→ Records supplied:
——
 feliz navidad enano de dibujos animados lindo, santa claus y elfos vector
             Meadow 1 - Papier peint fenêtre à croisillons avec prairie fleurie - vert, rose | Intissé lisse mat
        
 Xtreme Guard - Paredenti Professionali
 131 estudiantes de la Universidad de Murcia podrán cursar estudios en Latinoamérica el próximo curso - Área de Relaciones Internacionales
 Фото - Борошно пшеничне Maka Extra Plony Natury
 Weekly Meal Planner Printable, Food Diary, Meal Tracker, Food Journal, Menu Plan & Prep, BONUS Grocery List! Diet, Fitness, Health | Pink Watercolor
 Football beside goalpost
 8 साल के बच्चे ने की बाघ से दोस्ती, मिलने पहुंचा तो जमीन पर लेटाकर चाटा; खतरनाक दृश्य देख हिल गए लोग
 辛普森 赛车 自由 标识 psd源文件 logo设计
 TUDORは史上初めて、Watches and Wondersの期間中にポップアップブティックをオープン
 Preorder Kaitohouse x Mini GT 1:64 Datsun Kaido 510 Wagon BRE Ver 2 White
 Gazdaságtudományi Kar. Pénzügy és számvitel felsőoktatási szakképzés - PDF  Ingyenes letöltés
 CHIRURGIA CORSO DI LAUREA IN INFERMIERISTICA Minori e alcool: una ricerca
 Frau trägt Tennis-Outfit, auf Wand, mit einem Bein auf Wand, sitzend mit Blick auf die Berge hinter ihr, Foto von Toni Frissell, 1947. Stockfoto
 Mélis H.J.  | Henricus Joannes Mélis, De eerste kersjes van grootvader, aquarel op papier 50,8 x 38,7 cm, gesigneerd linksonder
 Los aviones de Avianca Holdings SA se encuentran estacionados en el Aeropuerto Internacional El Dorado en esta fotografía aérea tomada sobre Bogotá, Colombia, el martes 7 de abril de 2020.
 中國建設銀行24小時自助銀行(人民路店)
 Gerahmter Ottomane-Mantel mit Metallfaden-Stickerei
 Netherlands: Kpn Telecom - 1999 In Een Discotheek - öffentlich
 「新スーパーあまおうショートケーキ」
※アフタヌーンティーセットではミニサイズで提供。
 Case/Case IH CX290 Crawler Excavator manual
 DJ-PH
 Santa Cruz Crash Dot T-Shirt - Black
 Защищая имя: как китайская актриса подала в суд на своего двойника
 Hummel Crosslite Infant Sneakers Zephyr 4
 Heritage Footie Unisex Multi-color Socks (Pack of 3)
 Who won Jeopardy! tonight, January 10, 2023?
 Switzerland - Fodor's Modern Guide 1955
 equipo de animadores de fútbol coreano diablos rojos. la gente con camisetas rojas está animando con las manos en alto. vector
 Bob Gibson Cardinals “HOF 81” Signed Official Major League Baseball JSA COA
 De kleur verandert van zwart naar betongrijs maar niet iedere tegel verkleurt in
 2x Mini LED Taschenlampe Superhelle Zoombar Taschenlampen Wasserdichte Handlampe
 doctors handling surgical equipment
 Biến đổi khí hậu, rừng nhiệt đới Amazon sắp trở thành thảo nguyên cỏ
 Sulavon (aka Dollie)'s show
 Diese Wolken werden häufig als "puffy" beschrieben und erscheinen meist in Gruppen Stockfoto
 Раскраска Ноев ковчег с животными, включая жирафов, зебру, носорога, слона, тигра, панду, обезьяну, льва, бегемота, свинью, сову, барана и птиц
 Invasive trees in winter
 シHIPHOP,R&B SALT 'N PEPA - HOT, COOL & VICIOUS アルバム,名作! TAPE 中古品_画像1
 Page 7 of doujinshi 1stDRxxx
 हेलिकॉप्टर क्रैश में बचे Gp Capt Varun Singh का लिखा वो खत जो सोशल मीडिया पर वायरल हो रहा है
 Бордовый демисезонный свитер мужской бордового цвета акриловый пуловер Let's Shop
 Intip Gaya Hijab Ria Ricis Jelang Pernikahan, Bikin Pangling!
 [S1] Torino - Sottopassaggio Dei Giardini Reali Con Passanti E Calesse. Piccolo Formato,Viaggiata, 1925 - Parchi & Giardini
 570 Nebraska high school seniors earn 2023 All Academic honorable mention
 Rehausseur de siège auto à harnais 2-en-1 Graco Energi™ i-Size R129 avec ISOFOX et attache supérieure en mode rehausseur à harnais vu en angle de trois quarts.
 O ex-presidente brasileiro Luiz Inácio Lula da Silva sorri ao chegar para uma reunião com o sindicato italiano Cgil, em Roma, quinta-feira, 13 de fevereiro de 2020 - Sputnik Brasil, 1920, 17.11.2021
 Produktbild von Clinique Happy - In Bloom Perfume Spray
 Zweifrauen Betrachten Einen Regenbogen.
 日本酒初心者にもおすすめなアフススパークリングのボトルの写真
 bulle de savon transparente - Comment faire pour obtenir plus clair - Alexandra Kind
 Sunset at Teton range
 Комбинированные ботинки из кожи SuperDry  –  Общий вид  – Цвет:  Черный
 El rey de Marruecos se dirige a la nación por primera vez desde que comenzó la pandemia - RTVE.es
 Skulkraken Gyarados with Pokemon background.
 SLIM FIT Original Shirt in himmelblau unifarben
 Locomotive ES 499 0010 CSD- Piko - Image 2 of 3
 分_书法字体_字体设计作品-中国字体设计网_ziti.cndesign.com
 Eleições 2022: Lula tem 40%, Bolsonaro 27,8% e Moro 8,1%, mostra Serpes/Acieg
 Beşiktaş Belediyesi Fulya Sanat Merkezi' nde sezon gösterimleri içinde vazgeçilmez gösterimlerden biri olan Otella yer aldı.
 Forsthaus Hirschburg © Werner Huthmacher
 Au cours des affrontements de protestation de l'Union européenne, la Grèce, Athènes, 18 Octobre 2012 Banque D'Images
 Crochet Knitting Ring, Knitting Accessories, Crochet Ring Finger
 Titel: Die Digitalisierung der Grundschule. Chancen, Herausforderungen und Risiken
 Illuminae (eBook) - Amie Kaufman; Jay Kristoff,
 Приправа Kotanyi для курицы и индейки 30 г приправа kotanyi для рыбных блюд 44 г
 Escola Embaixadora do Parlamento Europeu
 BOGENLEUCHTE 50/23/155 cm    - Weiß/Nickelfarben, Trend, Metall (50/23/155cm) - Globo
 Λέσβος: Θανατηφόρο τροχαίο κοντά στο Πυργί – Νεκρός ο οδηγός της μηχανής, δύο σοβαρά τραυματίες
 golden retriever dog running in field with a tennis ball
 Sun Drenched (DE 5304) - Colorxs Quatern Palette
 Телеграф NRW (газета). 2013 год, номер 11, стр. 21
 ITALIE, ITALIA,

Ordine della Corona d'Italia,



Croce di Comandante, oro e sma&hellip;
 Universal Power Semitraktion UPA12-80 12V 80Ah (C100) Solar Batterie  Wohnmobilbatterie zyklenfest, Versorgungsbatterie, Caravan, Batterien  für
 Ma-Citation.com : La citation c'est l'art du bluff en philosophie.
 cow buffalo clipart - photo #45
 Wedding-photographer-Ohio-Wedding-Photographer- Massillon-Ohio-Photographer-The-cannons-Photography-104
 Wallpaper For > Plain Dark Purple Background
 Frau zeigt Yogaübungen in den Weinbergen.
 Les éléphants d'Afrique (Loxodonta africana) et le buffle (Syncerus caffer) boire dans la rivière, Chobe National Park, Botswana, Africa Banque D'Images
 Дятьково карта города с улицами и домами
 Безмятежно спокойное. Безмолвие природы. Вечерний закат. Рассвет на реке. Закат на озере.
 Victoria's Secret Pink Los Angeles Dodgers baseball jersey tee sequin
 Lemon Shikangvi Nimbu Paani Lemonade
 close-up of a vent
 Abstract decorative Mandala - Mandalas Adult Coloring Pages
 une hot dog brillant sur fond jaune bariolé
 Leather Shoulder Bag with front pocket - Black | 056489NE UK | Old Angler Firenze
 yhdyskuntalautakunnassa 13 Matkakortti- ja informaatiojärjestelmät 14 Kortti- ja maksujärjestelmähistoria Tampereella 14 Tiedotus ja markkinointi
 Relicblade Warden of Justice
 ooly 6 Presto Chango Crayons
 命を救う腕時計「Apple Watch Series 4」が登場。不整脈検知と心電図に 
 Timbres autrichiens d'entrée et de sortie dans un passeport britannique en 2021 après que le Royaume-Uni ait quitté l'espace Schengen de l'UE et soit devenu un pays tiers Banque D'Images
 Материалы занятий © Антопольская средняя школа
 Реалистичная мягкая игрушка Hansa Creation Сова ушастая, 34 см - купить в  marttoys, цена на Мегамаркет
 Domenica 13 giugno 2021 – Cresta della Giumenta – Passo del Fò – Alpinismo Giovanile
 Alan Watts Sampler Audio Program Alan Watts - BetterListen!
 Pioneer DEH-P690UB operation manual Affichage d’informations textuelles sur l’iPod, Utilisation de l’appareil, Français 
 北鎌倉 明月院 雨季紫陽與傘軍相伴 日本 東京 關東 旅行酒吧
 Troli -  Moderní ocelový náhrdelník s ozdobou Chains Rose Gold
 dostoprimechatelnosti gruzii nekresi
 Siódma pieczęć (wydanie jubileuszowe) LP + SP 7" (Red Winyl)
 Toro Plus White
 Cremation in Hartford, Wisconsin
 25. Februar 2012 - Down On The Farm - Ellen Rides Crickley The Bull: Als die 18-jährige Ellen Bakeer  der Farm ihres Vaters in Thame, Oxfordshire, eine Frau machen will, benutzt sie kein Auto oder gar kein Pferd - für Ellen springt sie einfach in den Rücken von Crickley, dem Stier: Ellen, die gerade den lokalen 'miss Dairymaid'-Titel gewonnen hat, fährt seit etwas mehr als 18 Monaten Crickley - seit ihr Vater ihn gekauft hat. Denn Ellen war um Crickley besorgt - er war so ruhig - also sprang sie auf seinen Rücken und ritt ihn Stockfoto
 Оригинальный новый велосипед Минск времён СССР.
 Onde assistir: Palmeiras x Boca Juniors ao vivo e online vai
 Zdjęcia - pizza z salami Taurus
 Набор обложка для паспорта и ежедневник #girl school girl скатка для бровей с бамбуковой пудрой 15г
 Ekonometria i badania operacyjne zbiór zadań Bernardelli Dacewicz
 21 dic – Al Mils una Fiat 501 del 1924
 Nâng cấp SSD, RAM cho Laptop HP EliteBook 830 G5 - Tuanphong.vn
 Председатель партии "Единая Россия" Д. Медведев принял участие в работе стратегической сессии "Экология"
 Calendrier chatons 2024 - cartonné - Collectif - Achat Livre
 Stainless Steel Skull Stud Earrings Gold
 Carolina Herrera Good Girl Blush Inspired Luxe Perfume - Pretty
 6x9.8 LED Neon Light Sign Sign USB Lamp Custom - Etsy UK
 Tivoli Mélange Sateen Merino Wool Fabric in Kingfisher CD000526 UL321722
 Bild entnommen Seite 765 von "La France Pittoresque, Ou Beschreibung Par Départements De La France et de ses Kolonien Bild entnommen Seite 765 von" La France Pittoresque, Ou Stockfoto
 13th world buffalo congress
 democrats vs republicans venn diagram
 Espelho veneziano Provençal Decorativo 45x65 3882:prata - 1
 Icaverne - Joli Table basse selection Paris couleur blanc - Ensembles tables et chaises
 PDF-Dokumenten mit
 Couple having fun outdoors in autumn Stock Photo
——
→ Exercise aim: Return all lines of the material above in which "Images" occurs.

→ Answer to this task:
 Au cours des affrontements de protestation de l'Union européenne, la Grèce, Athènes, 18 Octobre 2012 Banque D'Images
 Les éléphants d'Afrique (Loxodonta africana) et le buffle (Syncerus caffer) boire dans la rivière, Chobe National Park, Botswana, Africa Banque D'Images
 Timbres autrichiens d'entrée et de sortie dans un passeport britannique en 2021 après que le Royaume-Uni ait quitté l'espace Schengen de l'UE et soit devenu un pays tiers Banque D'Images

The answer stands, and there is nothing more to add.